Jagat Singh Sandhu, a sixty something farmer in Masani village near Sangrur in Punjab, is planning to plant the new basmati variety, Pusa 1509, on at least 10 acres of his 11-acre farm, provided he gets sufficient seeds.

Till last year, Sandhu used to grow a mix of the popular basmati variety Pusa 1121 and Permal, the non-basmati rice.

“The rates were good last year and I have heard that the new variety gives more yield and consumes less water,” Sandhu said.

Like Sandhu, Jitendra, another farmer near Panipat in Haryana, is planning to try out the new basmati variety.

Acreage may rise

As farmers, lured by higher returns, are eager to grow more of the 1509 variety, experts predict that the acreage under basmati would see a quantum leap this year.

Also the increased acceptance of 1509 may boost basmati output significantly. The yield of 1509 is in the range of 2.2-2.5 tonnes an acre, while for the 1121 variety, it is 1.8-2 tonnes.

“There will be at least three-fold increase in basmati output this year,” Raj Sood, a trader in Punjab’s Khanna, Asia’s largest grain market, told Business Line.

According to the All-India Rice Exporters Association, basmati acreage in 2013-14 increased by some six per cent to around 19 lakh hectares, with almost eight lakh hectares planted in Punjab alone.

Vijay Setia, Director at Chaman Lal Setia Exports Ltd, expects acreage under the farmer-friendly 1509 variety to increase as farmers are likely to shift from 1121 and non-basmati varieties, and even from sugarcane.

Prices soar

Basmati paddy prices shot up by 27 per cent from ₹3,300-3,400 a quintal at the beginning of the last season in October to around ₹4,200 by December-January, riding on robust overseas demand for the aromatic rice.

India’s basmati exports in the just ended financial year exceeded a record 4.02 million tonnes in volumes and $4.5 billion in value.

Basmati paddy prices are currently ruling steady around ₹4,000 a quintal.

“Farmers have seen the benefit of the price rise and would obviously want to grow more,” Setia said. Of the eight lakh hectares under basmati in Punjab, at least 70-80 per cent will be under the high-yielding varieties.

Shift in pattern

AK Singh, principal rice breeder at the Indian Agricultural Research Institute, who developed the 1509 variety, said the new strain would replace at least 60 per cent of the area under the popular Pusa 1121.

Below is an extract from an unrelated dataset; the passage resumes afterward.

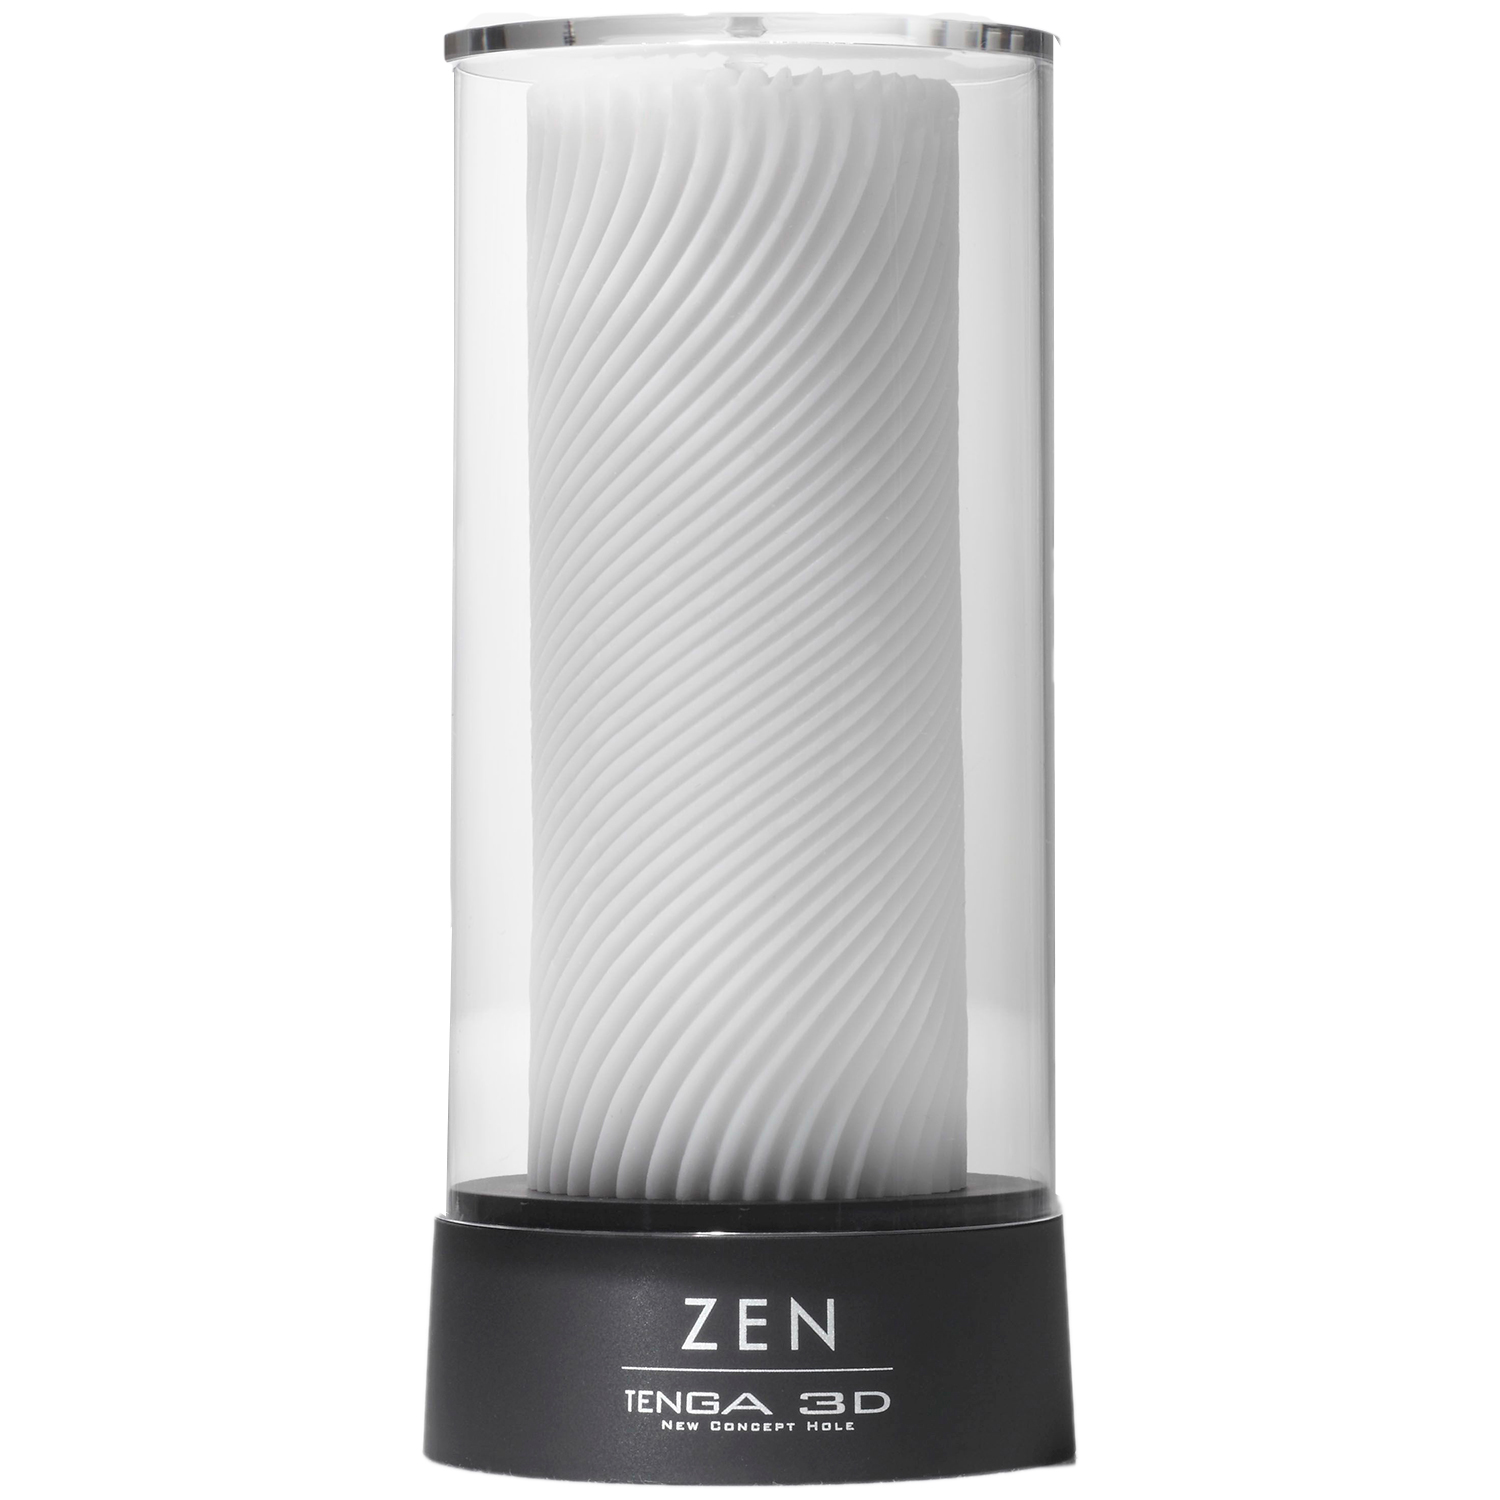 7: TENGA 3D Zen Onaniprodukt       - Hvid

“We also expect it (1509) to replace non-basmati varieties, such as Permal,” Singh said, adding that availability of the 1509 seeds should not be a problem as IARI has signed memorandum of understanding with some 15 companies to multiply the seeds.

“Over the next three years, our effort is to make 1509 resistant to blight and brown plant hoppers,” Singh said.